Voices could be heard behind her, but she kept her head down. The sun felt warm on her bare head; they would not even allow her the dignity of wearing her cap. She heard the officials' words, reading the condemnation and the penalty attached to it. Her throat went dry. The woman ahead of her wailed, the man behind her prayed the Lord 's Prayer. She wondered if it would stop after this.
She had seen it coming, although she had not known the form it would take. Simply, there had been a black sheen over the milk one morning, and a noose hanging in the wind. A flash of the future and then nothing; she was once again alone in the kitchen preparing breakfast for the children. It would come as other times had come, and then it had. She hadn't expected it to come in the form of spoiled children.
It was time. The line had moved forward, falling until it came to her. She climbed the platform and stood atop the wood. It offered little comfort even with her feet bare; the wood had long been dead. Her head was forced back as the executioner slipped the noose around her neck. It smelled of salt and the sea. A quick flutter of her eyelashes and she saw that they had taken it from the docks at Salem Town.
When her eyes opened for the final time, she was met with the face of the child standing at the foot of the tree. Her arms wrapped around her, the little girl pressed herself under the protective branches of the lowest limb. Tears streaked her face and the woman saw her daughter tremble in anger. She shook her head gently and offered her a weak smile. She would be cared for by the others. They would protect her from the madness.
"Mistress," the town official asked arrogantly, "Do you wish to say anything?"
There were many things she'd like to say, but her daughter would never survive if she uttered them. Instead, she chose only one. Raising her head and clasping her hands together, she looked each of her neighbours in the eye. It bought her time to pull the spindle of undyed thread from where she had hidden it.

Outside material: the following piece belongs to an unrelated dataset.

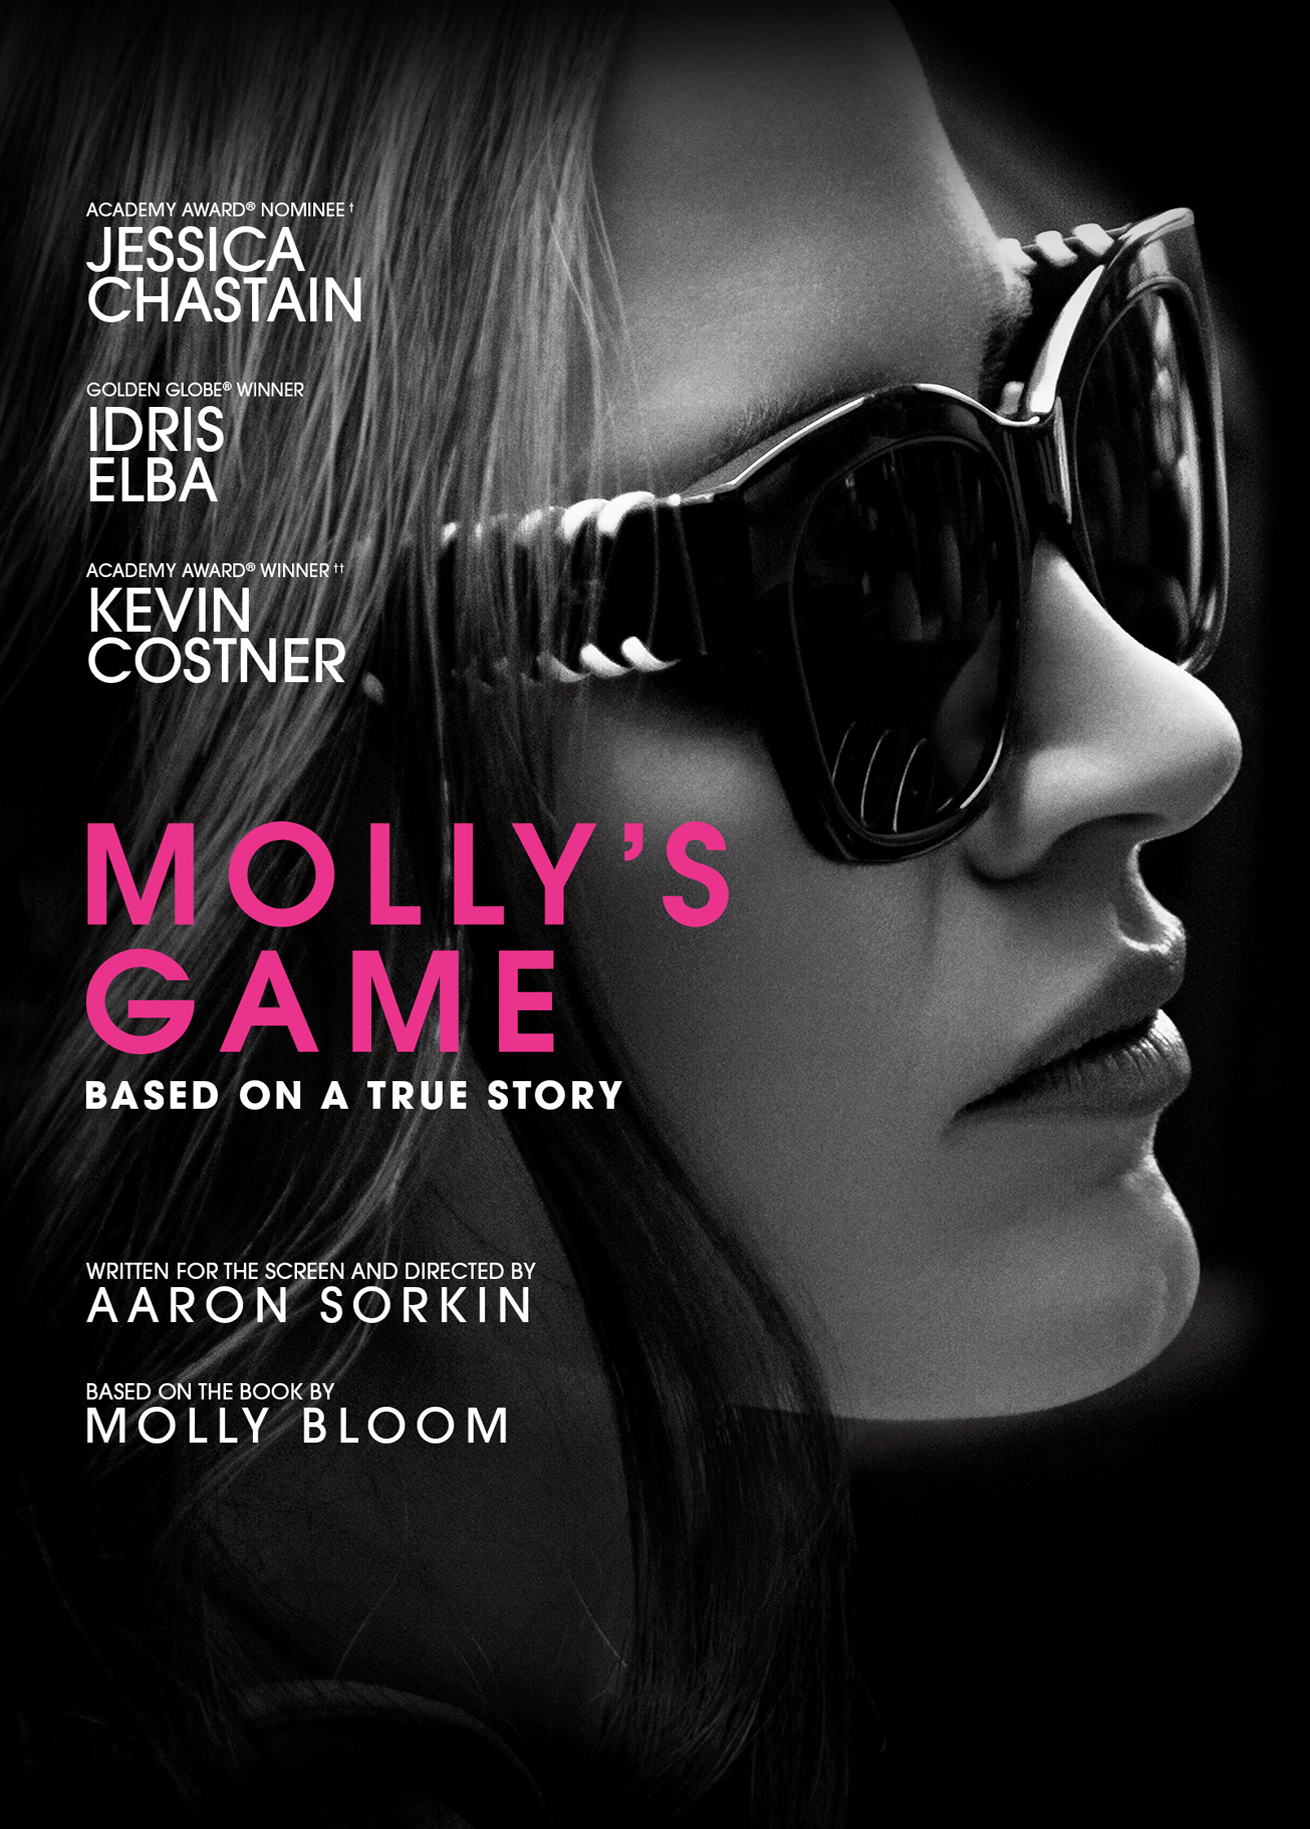 Molly's Game [DVD] [2017] - Best Buy

"May the Mother accept me into her arms, where those innocently accused go before me. May you find peace and solace in the aftermath of destruction and may love heal the wounds left open to the cold." Bowing her head, she felt the power sink into the spindle. It would do no harm if found by anyone. The spell had been cast. "I am ready," she spoke.
It would be a long time before her final wish would be granted.

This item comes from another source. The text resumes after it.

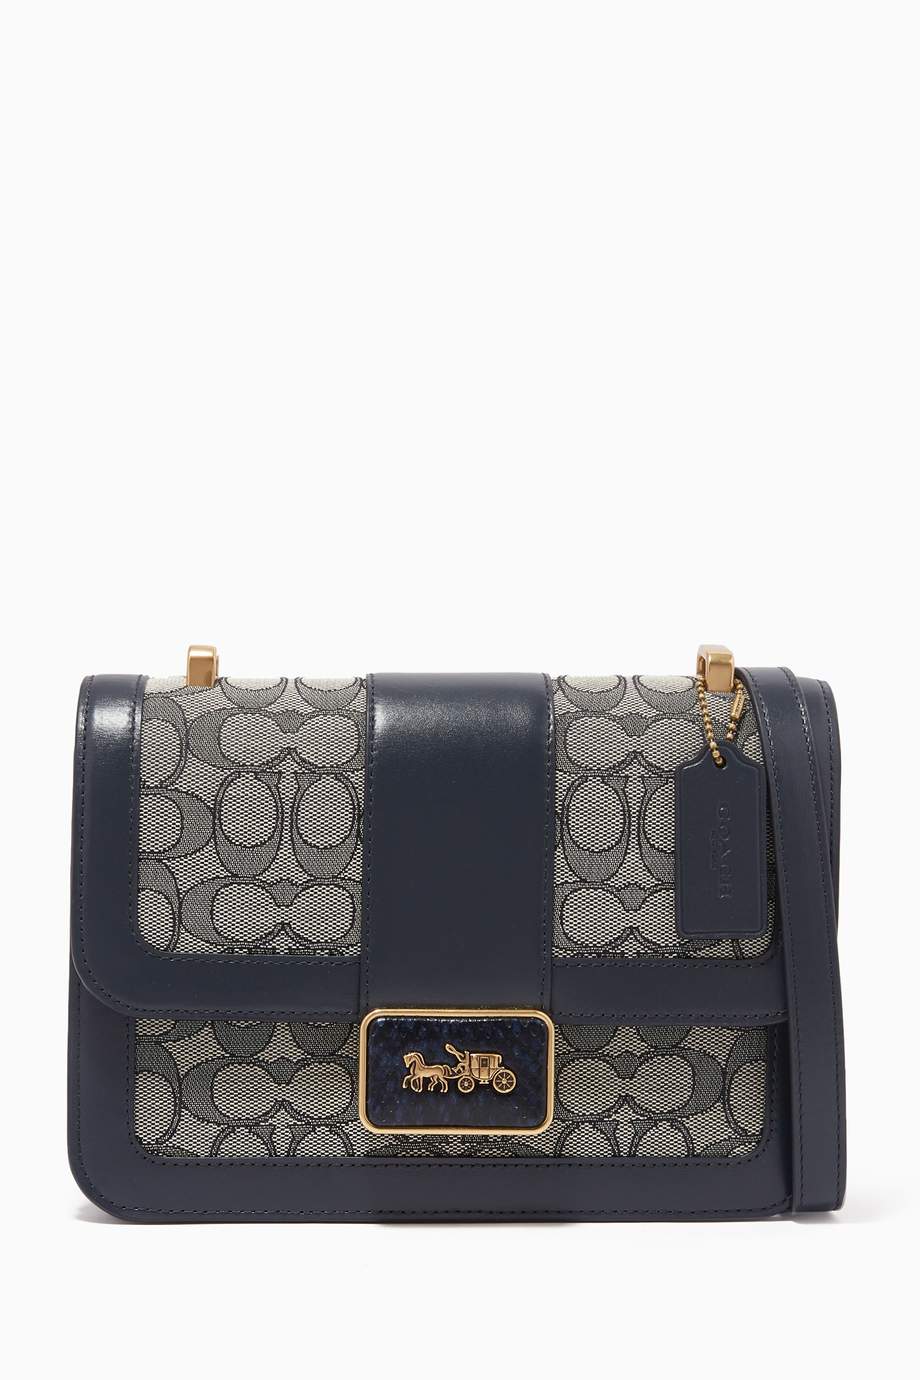 Shop Coach Blue Alie Shoulder Bag in Signature Jacquard and Leather for Women | Ounass UAE

The spindle fell to the ground unnoticed by the crowd, and rolled to the base of the tree. Tiny fingers picked it up, twirling it between a forefinger and a thumb. She dared not look up at the tree where its victims hung like apron strings. The spindle still pulsed and the little girl recalled her mother's words. She had told her daughter to forgive, had said that the girls and the village did not know what they did. They did not understand the word they accused them with.
A shadow fell over her and dry, wrinkled fingers touched her shoulder gently. Her grandmother leaned heavily on her cane, grief making her eyes glossy. Her grandmother had escaped the accusations. She didn't know why; didn't the village understand how it worked? They could point fingers and fling the word around but they knew nothing. It was learned. One couldn't be lured to it. It came down the line, parent to child.
"Come, child," Grandmother whispered. "We must go home to your brothers."
"I hate them," the child said, staring past her grandmother to the group of clustered villagers who huddled and discussed the next round of trials. "I hate them all."
"You must learn to forgive them. This will pass as it has before." The angry child pushed her hand away, still griping the spindle and bright fibres. "Do nothing rash that you cannot undo."
She squeezed the spindle one last time, not seeing how the thread changed from grey to red, and then dropped it on the path as she walked away. No one saw the calloused hand that stooped to pick it up before placing it in his pocket. Up on the hill, outlined by the lowering sun, the figures swayed on the branches of the tree.